Однако спустя миг стряслось нечто, чего невозможно было не заметить. Послышался ропот (будто сотня тысяч людей вымолвила: «Уф!»), и прямо над крикетным полем буквально сгустился из воздуха белый стальной звездолет. С легким жужжанием и крайне зловещим видом он завис над землей.
Какое-то время он бездействовал, словно ожидая, что люди займутся своими обычными делами, не порицая его за это висение.
Но тут же он совершил нечто очень необычное. Точнее, распахнул люки и выпустил из себя нечто необычное в количестве одиннадцати штук.
Роботы. Одиннадцать белых роботов.
И что самое удивительное, точно специально экипированные для данного мероприятия. Мало того что они были белые, под цвет униформы игроков, но они еще и держали в манипуляторах нечто вроде крикетных бит и крикетных мячей. Мало того, нижние сегменты их ног были защищены чем-то вроде белых щитков. На щитки тоже стоило подивиться – по-видимому, в них были вмонтированы реактивные двигатели, что позволило этим цивилизованным роботам спикировать к земле и начать убивать людей.

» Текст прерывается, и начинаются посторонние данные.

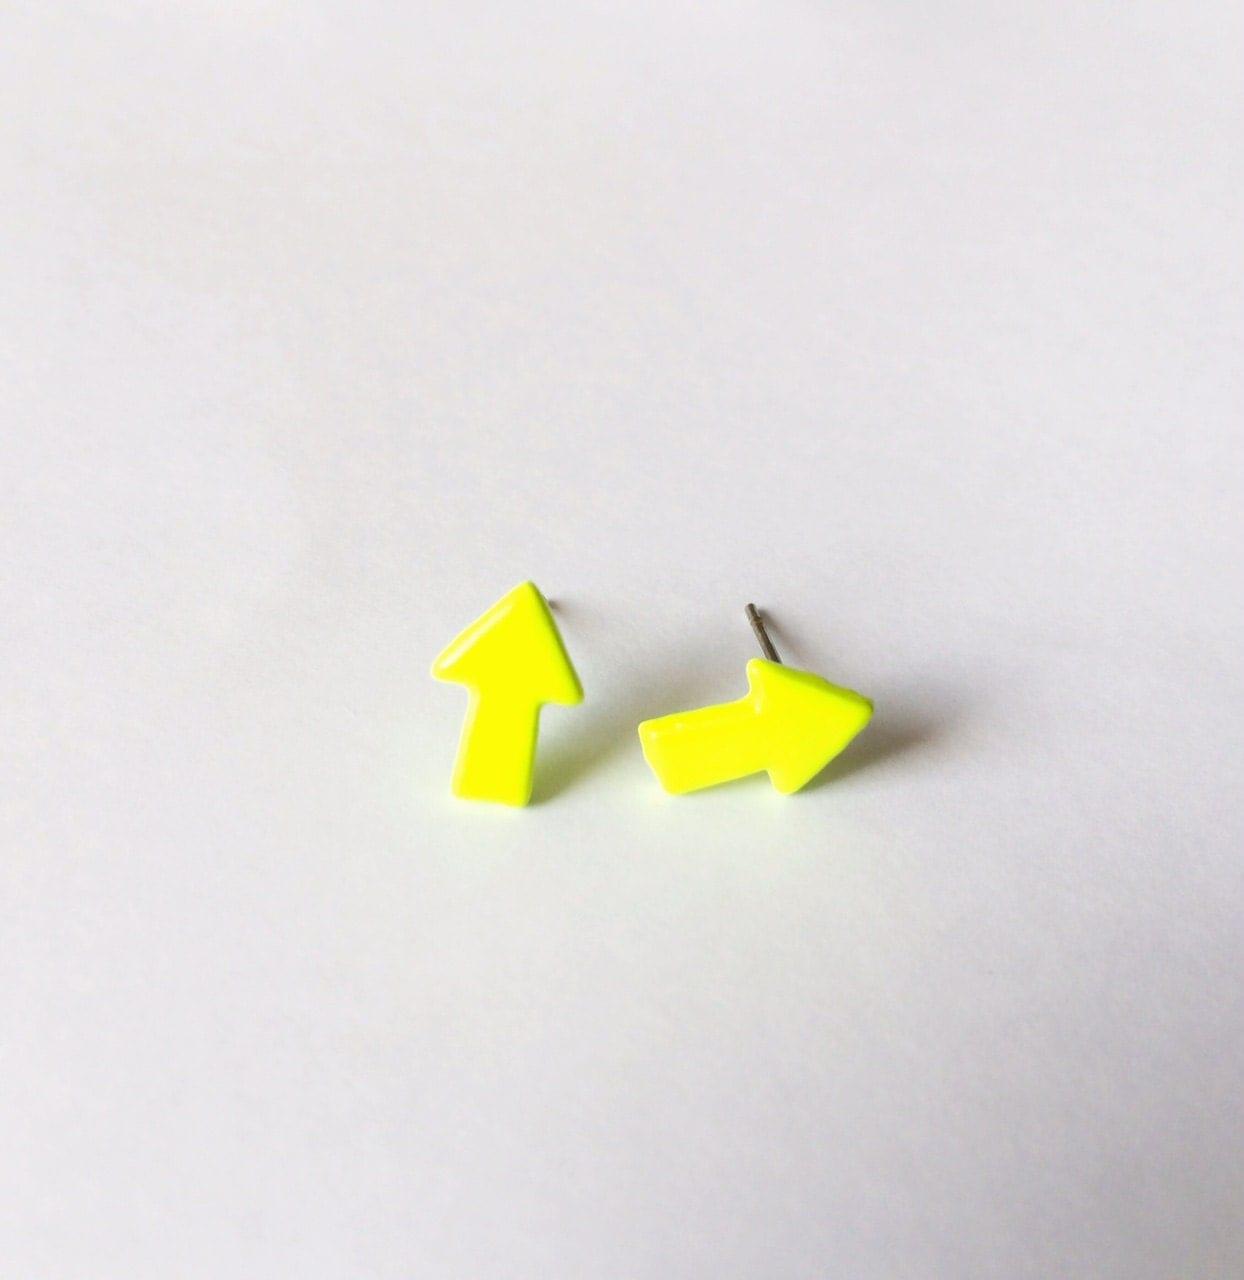 neon yellow arrow earrings neon earrings fashion earrings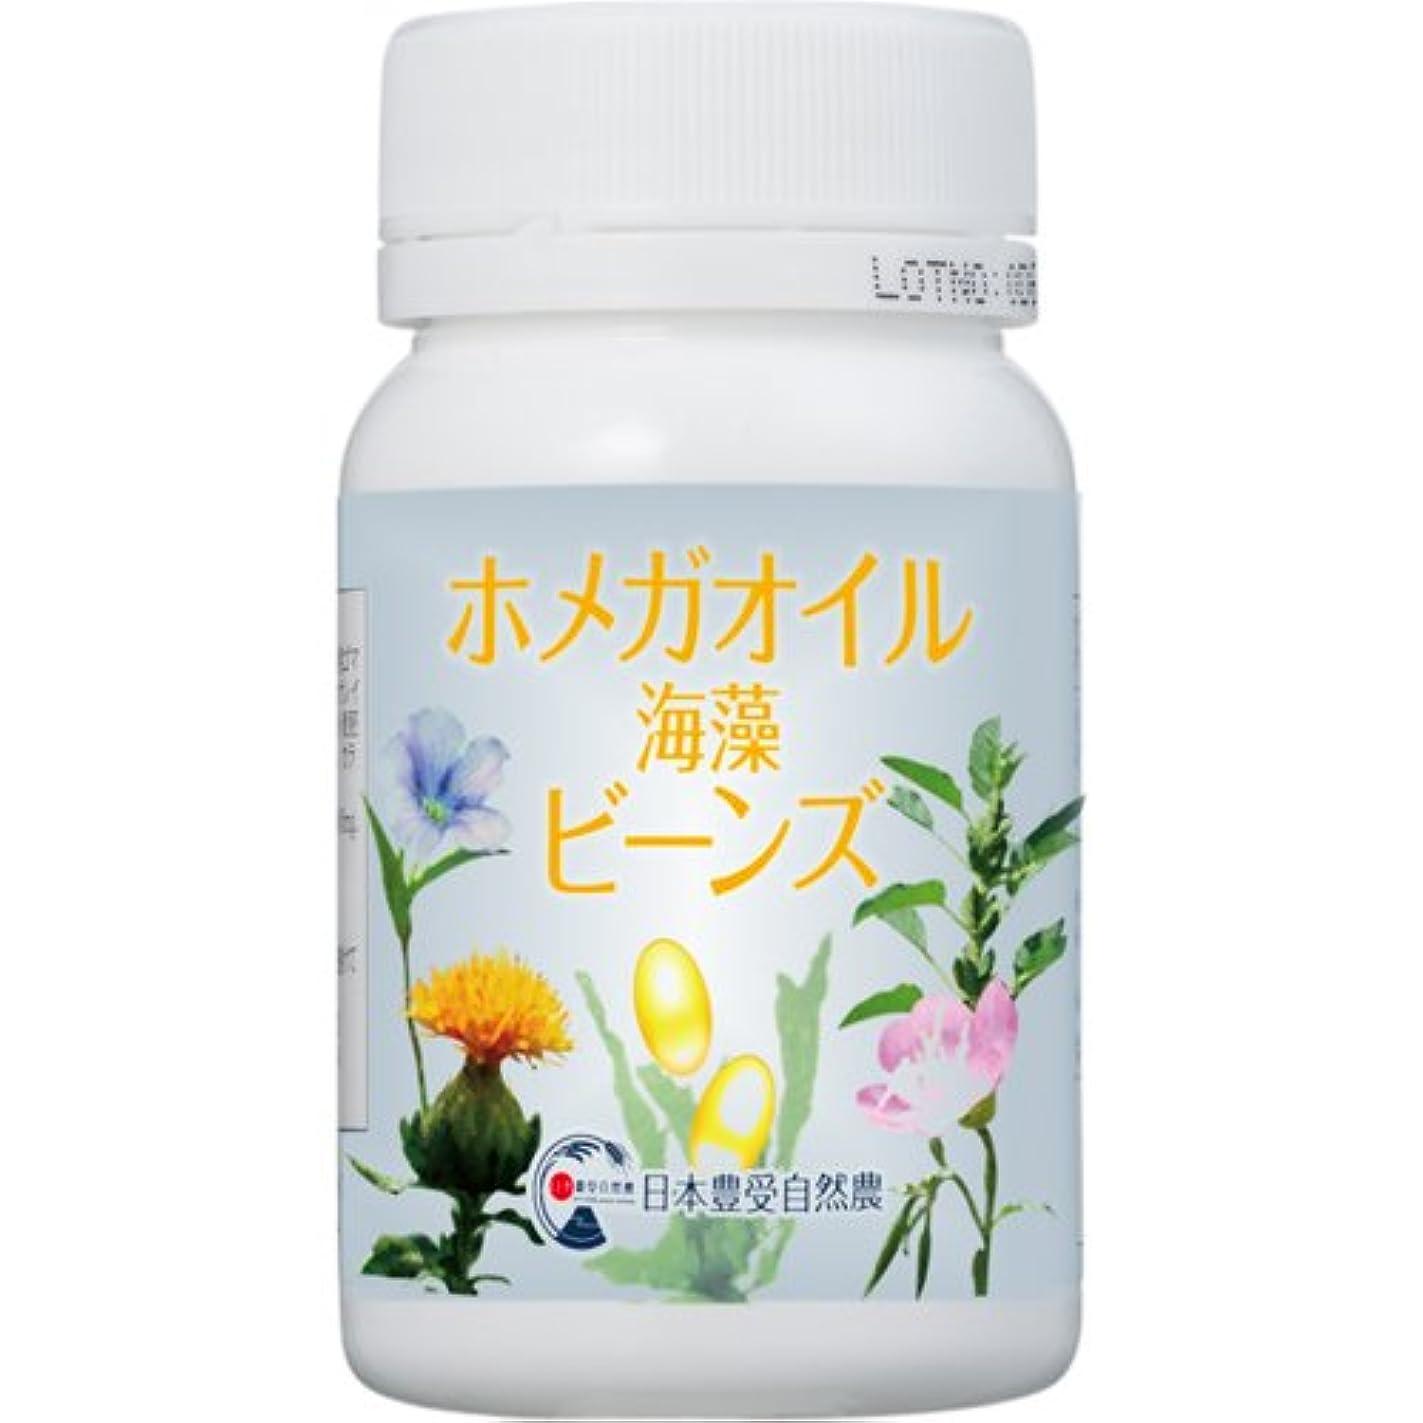 たまに美徳請う日本豊受自然農 ホメガオイル海藻ビーンズ 約90粒

– Эй! – вскрикнул Артур. – Кажется, что-то началось!
– Беги в корабль, – завопил Форд, – знать ничего не хочу, беги в корабль. – И побежал. – Ничего не знаю, ничего не слышу, ничего не вижу, – причитал он на бегу, – это не моя планета, я сюда не просился, не хочу ввязываться, просто вытащите меня отсюда и отвезите куда-нибудь в бар, к людям, которые мне свои!
Над полем взметнулся столб пламени и дыма.
– М-да, похоже, сегодня все потусторонние силы в гости к нам… – радостно объявил репродуктор самому себе.
– Мне много не надо, – кричал Форд в уточнение своих предыдущих замечаний, – только рюмка крепкого виски и компания братьев по духу!
Он несся, как лань, замешкавшись лишь на миг, чтобы взять на буксир Артура, который среагировал было на катастрофу в своем обычном духе – замер с открытым ртом, ожидая, пока все кончится.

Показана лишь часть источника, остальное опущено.